The "smallest resolvable angle" in a telescope is calculated using Dawes' limit.

The crude (= easy to use) approximation goes like this:

A = 116/D

where A is the angle in seconds (there are 3600 seconds in one degree)
D is the diameter of the telescope (primary lens or mirror) in millimeters.

Let's be generous and pretend that the flag is 1 metre wide (40 inches).
The distance to the Moon is more than 300,000 km (but let's use that number to keep things easy)

the angle in radians is

1 m / 300,000,000 m = 0.0000000033333... radians
(there should be 8 zeros after the decimal point, before the first "3")


There are 206264.8 seconds in one radian

206,265 * (1 m / 300,000,000) = 0.000068755"

Using Dawes' limit

0.000068755" = 116 / D
solving for D

D = 116 / 0.000068755
D = 168,715 mm
There are 1,000 mm in one metre
D = 168.7 m (a little over 550 feet in diameter)

The largest telescope on Earth is the South African large Telescope, at 11 metres (36 feet).
Hubble is "only" 2.4 metres (around 8 feet).

To make matters worst, our atmosphere on Earth is nasty on telescope resolution.
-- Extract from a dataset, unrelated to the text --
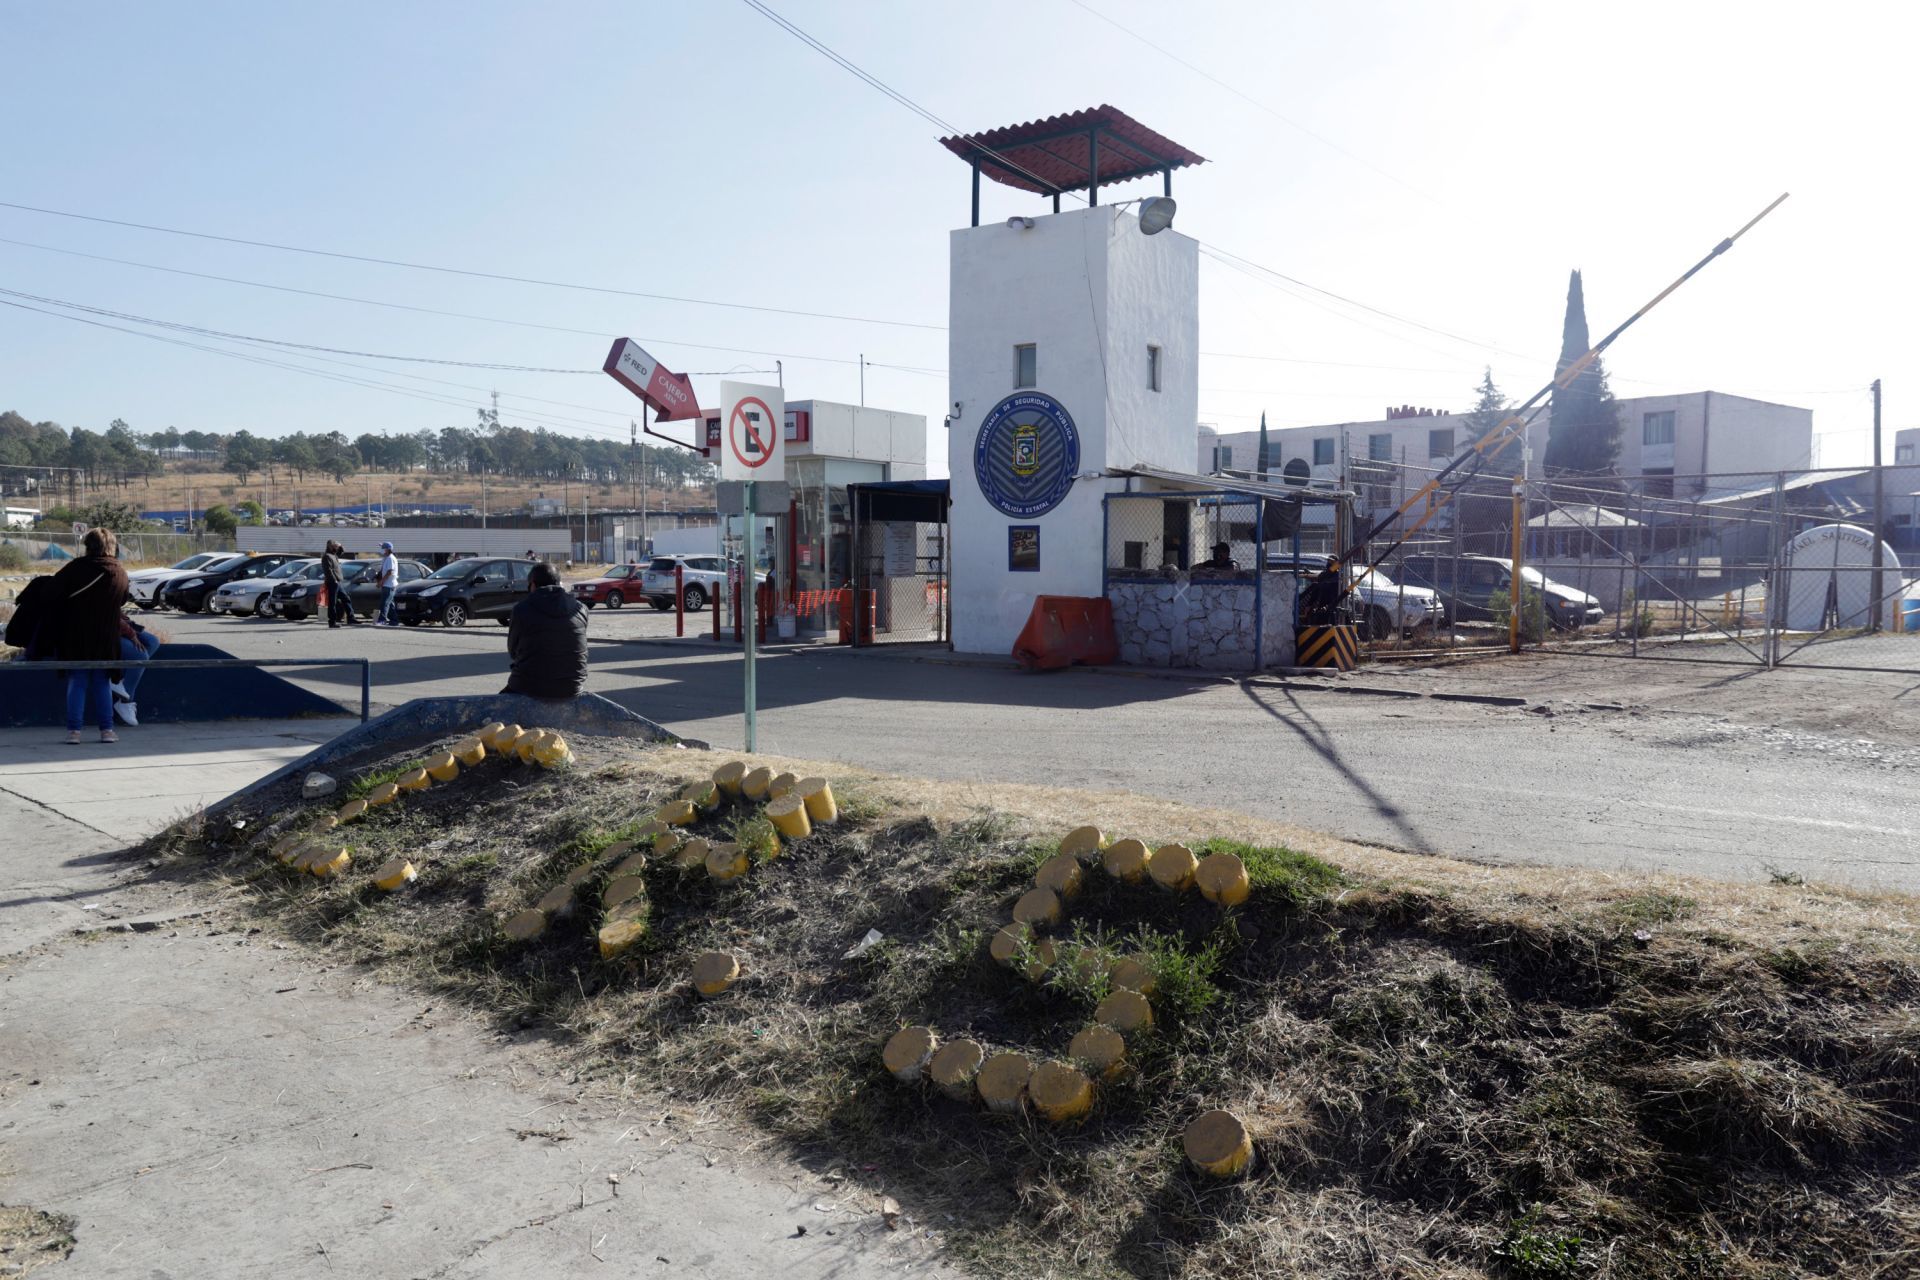 Dos reos mueren intoxicados tras beber alcohol adulterado en penal de Puebla

The S.A.L.T. has adaptive optics that try and correct that. Despite the system, S.A.L.T. is barely better than Hubble... on good days.

And the killer: Even if we DID have a 550-foot telescope, a one-metre flag would appear as a single dot (because that would be the limit of resolution). If you wanted to confirm that it was a flag (and not a one-metre rock that happens to lie there) you'd need the flag to cover at least 16 pixels (4x4), so that you would really need a 2,000-foot telescope (675 metres).